— Input —
※ ※ ※
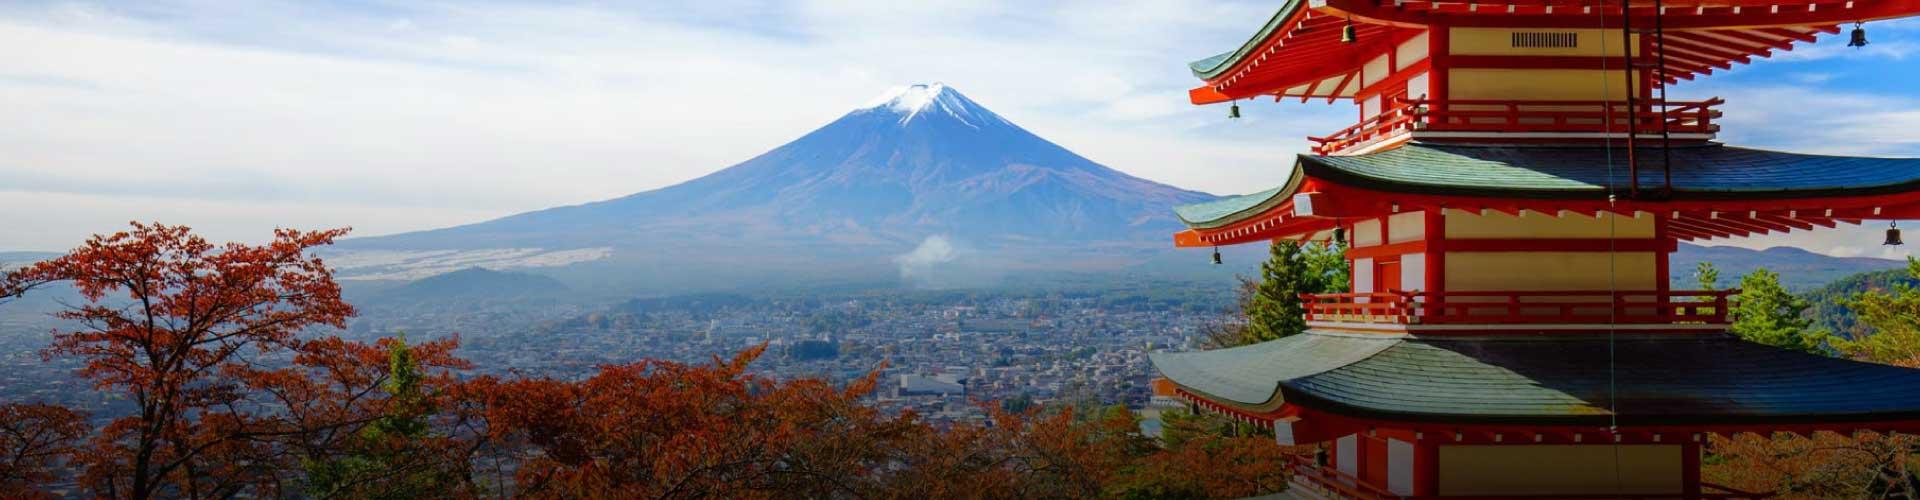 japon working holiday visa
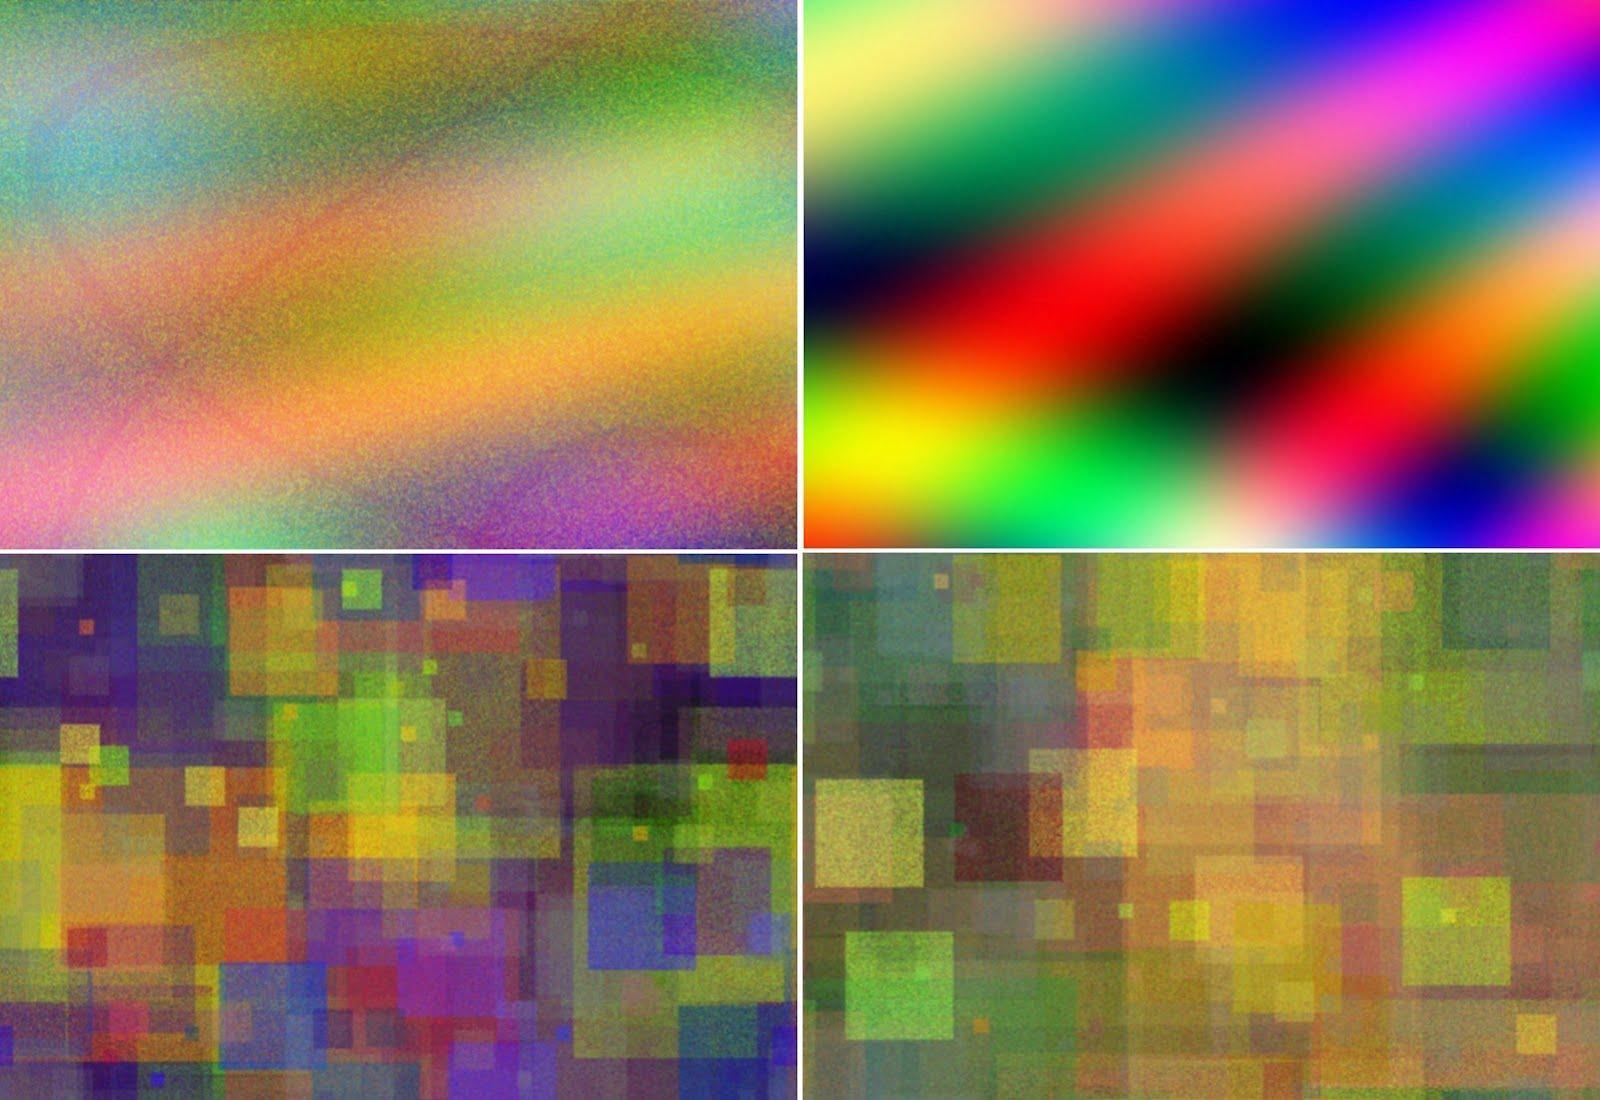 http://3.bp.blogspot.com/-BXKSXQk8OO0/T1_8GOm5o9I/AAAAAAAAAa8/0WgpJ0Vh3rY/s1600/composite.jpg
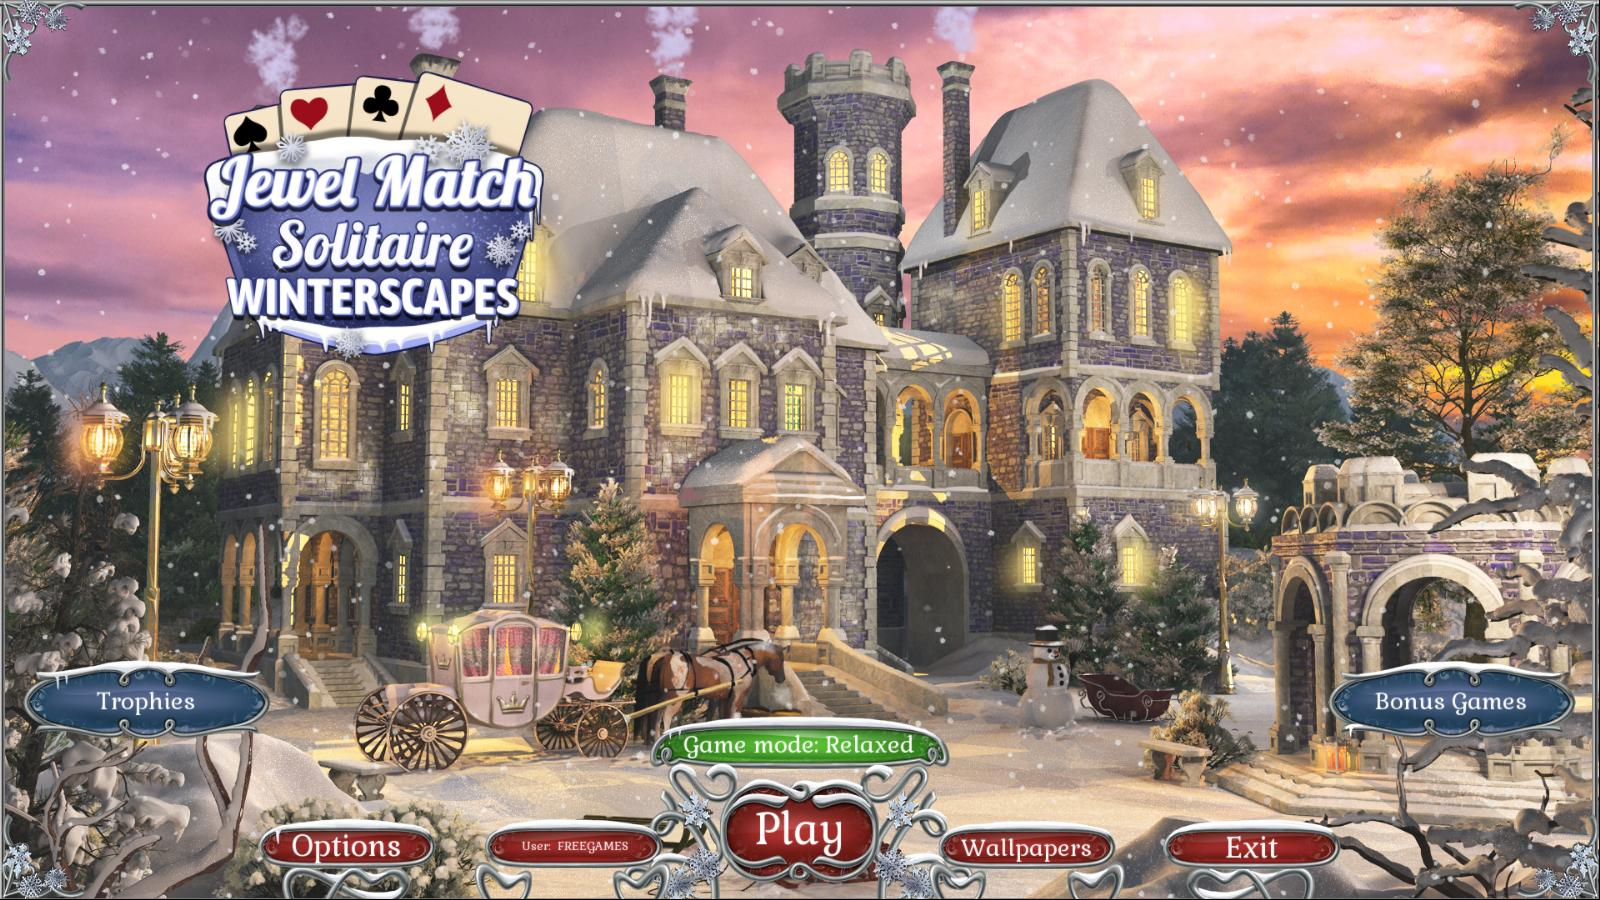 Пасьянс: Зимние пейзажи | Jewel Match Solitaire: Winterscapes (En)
※ ※ ※
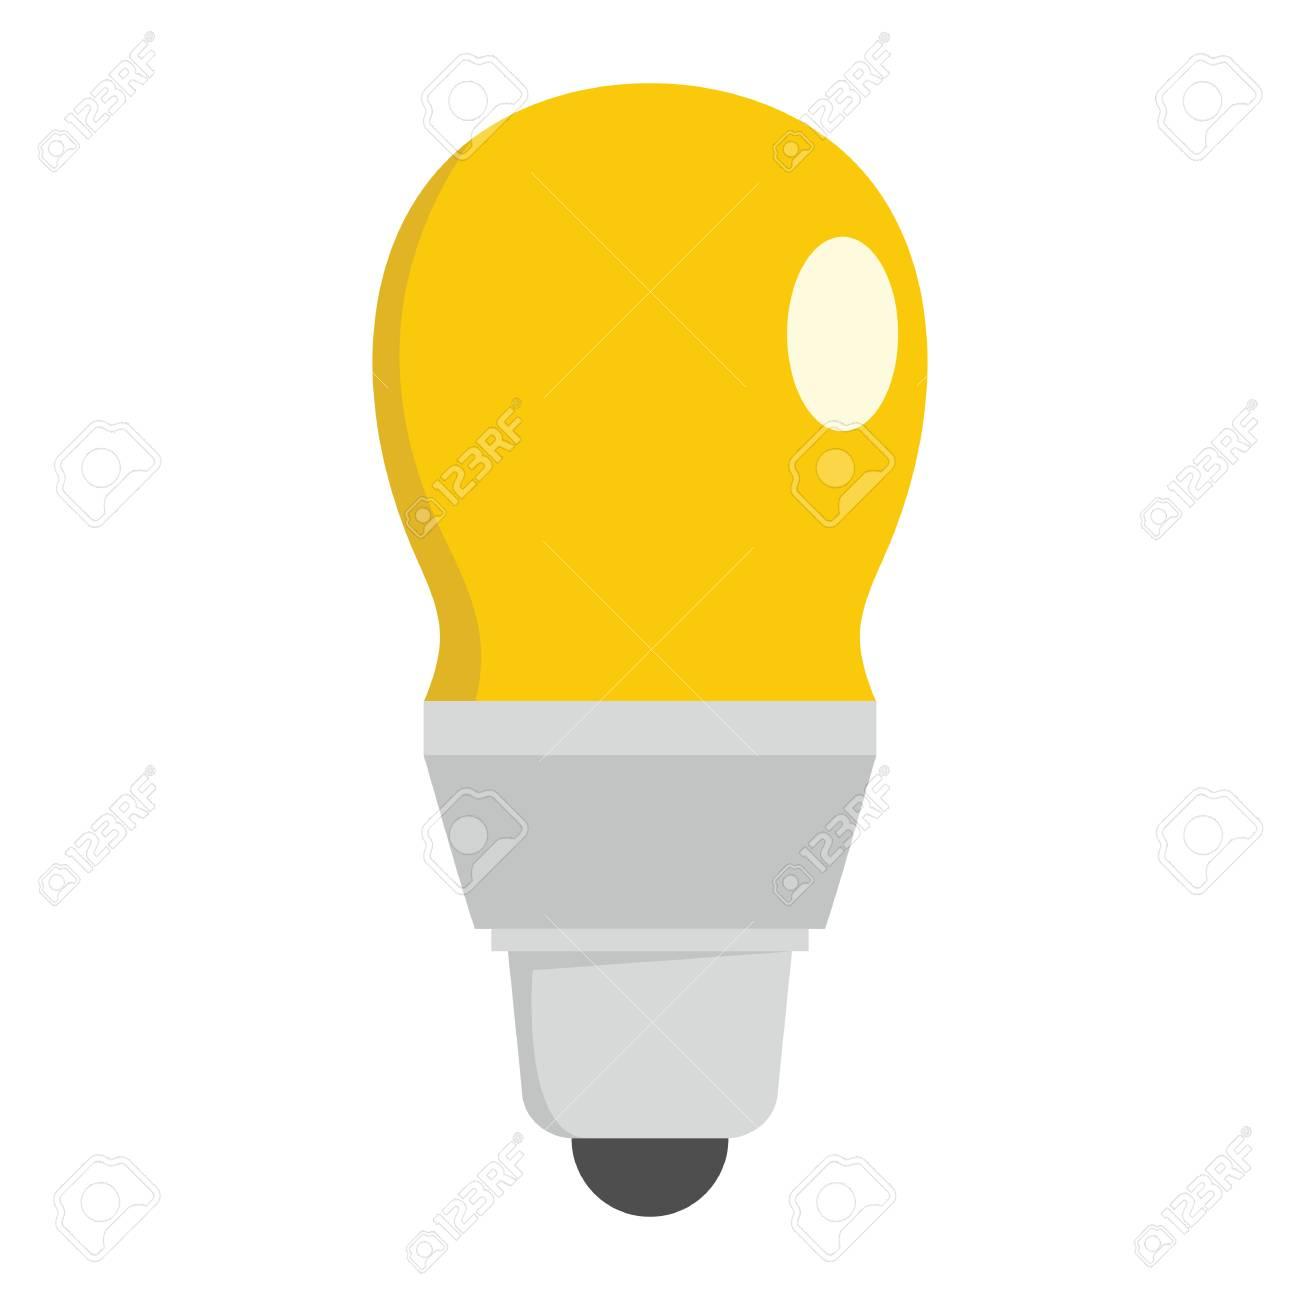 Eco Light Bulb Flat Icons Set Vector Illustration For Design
※ ※ ※
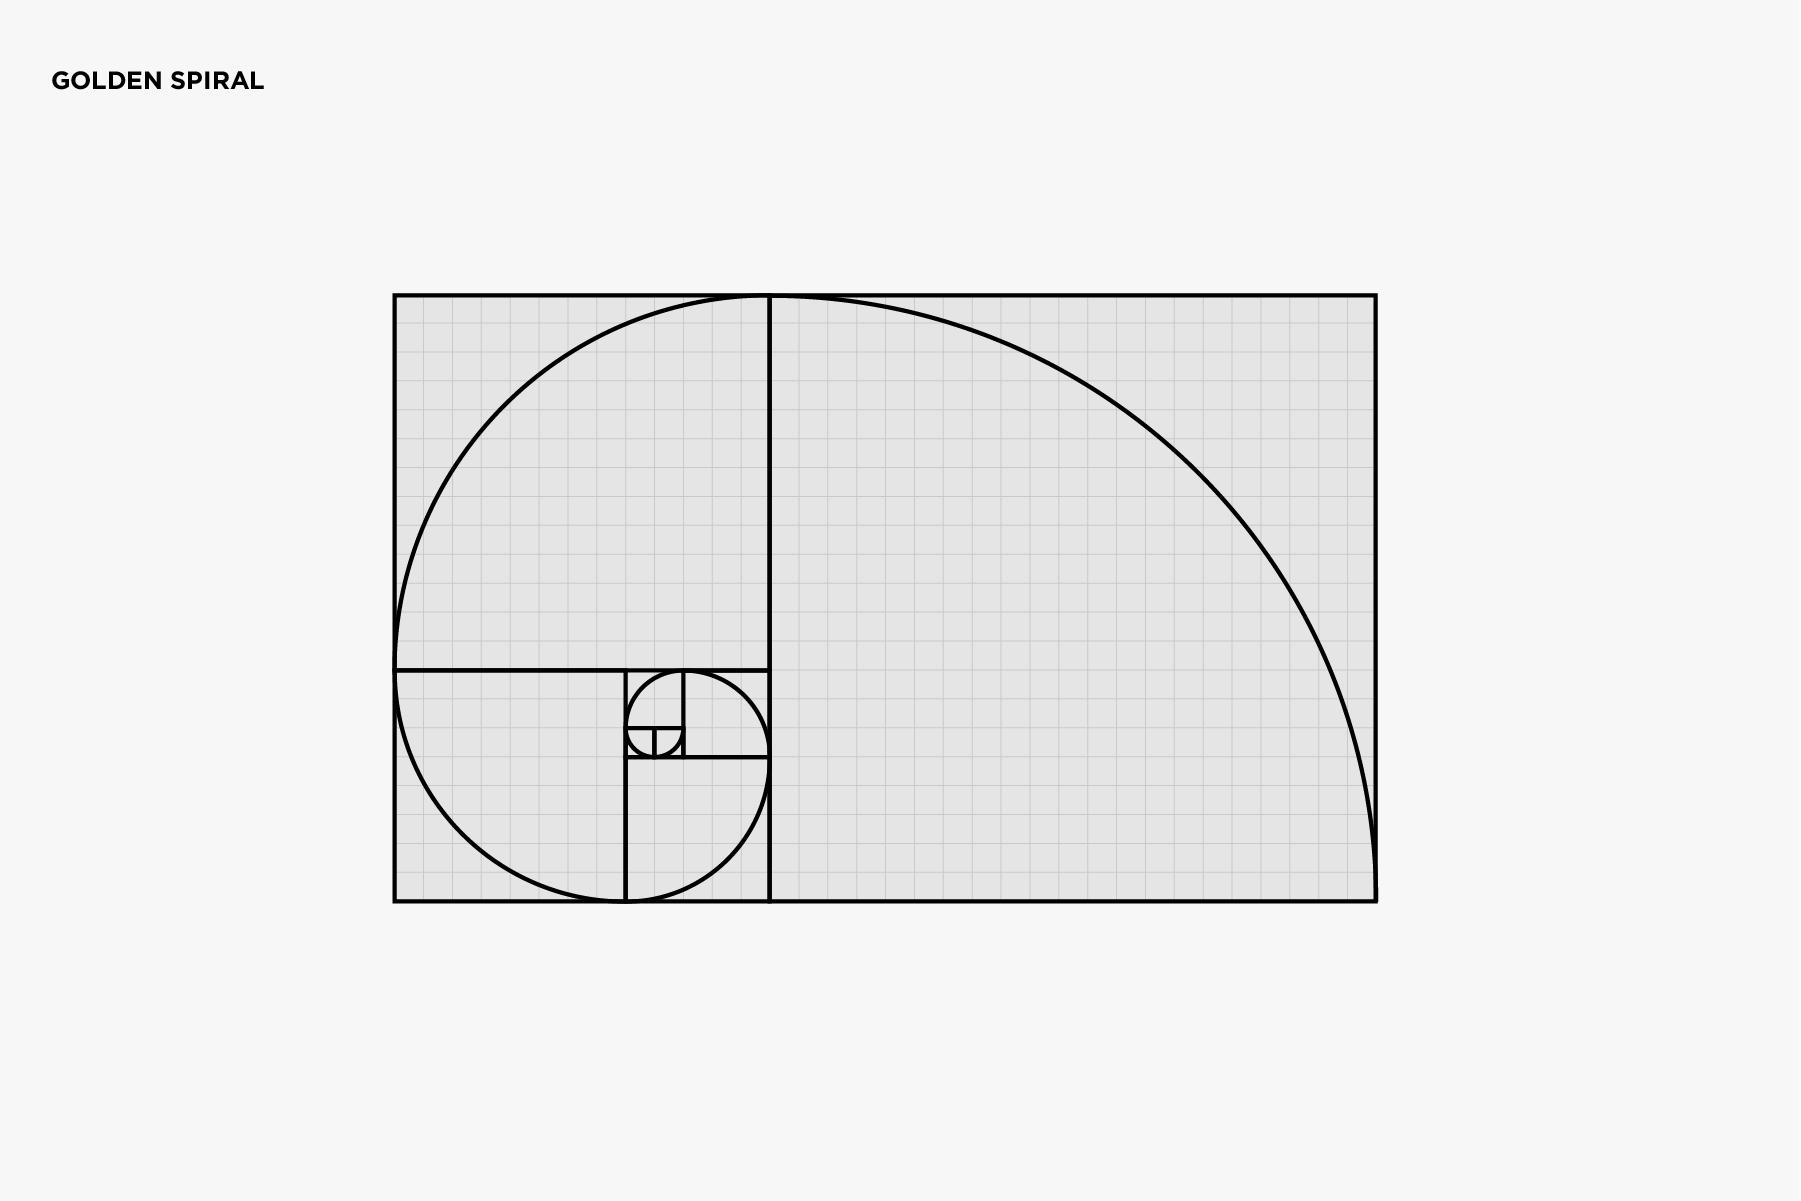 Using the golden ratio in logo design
※ ※ ※
Using the data above, output the line that has "japon working holiday visa", the line that has "Пасьянс: Зимние пейзажи", and whatever lines fall between, each exactly as it stands and without pictures.

 japon working holiday visa
 http://3.bp.blogspot.com/-BXKSXQk8OO0/T1_8GOm5o9I/AAAAAAAAAa8/0WgpJ0Vh3rY/s1600/composite.jpg
 Пасьянс: Зимние пейзажи | Jewel Match Solitaire: Winterscapes (En)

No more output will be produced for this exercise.